What the exercise asks: Please transcribe, exactly and only, the lines of the records below from the one holding "Energielabel Heutzstraat 60 Venlo" to the very end.

----

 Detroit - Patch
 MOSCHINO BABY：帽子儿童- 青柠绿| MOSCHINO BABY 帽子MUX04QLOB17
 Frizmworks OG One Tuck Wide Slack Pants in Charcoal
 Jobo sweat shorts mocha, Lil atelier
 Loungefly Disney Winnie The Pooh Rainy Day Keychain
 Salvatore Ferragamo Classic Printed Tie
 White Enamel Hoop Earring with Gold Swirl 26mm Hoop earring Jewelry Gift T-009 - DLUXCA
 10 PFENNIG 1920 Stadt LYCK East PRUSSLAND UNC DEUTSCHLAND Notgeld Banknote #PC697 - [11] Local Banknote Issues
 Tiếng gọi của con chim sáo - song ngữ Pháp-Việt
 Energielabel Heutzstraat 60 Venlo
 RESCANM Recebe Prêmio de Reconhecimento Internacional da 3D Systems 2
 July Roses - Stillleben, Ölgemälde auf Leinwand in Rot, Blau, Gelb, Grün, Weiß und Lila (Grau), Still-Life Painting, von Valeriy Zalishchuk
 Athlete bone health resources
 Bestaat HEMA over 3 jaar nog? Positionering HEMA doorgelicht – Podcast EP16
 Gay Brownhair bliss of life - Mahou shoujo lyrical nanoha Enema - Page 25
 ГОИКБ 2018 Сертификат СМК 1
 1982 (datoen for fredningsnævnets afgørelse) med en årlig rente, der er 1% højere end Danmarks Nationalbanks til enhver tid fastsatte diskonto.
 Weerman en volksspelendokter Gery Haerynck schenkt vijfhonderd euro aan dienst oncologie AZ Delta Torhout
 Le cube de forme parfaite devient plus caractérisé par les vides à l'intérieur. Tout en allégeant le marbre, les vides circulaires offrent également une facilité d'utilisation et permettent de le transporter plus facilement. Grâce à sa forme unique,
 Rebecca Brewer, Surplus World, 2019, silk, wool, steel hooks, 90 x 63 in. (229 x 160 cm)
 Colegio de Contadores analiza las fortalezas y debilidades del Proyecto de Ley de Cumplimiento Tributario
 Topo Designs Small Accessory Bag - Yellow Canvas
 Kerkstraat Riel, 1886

----

Exercise answer:
 Energielabel Heutzstraat 60 Venlo
 RESCANM Recebe Prêmio de Reconhecimento Internacional da 3D Systems 2
 July Roses - Stillleben, Ölgemälde auf Leinwand in Rot, Blau, Gelb, Grün, Weiß und Lila (Grau), Still-Life Painting, von Valeriy Zalishchuk
 Athlete bone health resources
 Bestaat HEMA over 3 jaar nog? Positionering HEMA doorgelicht – Podcast EP16
 Gay Brownhair bliss of life - Mahou shoujo lyrical nanoha Enema - Page 25
 ГОИКБ 2018 Сертификат СМК 1
 1982 (datoen for fredningsnævnets afgørelse) med en årlig rente, der er 1% højere end Danmarks Nationalbanks til enhver tid fastsatte diskonto.
 Weerman en volksspelendokter Gery Haerynck schenkt vijfhonderd euro aan dienst oncologie AZ Delta Torhout
 Le cube de forme parfaite devient plus caractérisé par les vides à l'intérieur. Tout en allégeant le marbre, les vides circulaires offrent également une facilité d'utilisation et permettent de le transporter plus facilement. Grâce à sa forme unique,
 Rebecca Brewer, Surplus World, 2019, silk, wool, steel hooks, 90 x 63 in. (229 x 160 cm)
 Colegio de Contadores analiza las fortalezas y debilidades del Proyecto de Ley de Cumplimiento Tributario
 Topo Designs Small Accessory Bag - Yellow Canvas
 Kerkstraat Riel, 1886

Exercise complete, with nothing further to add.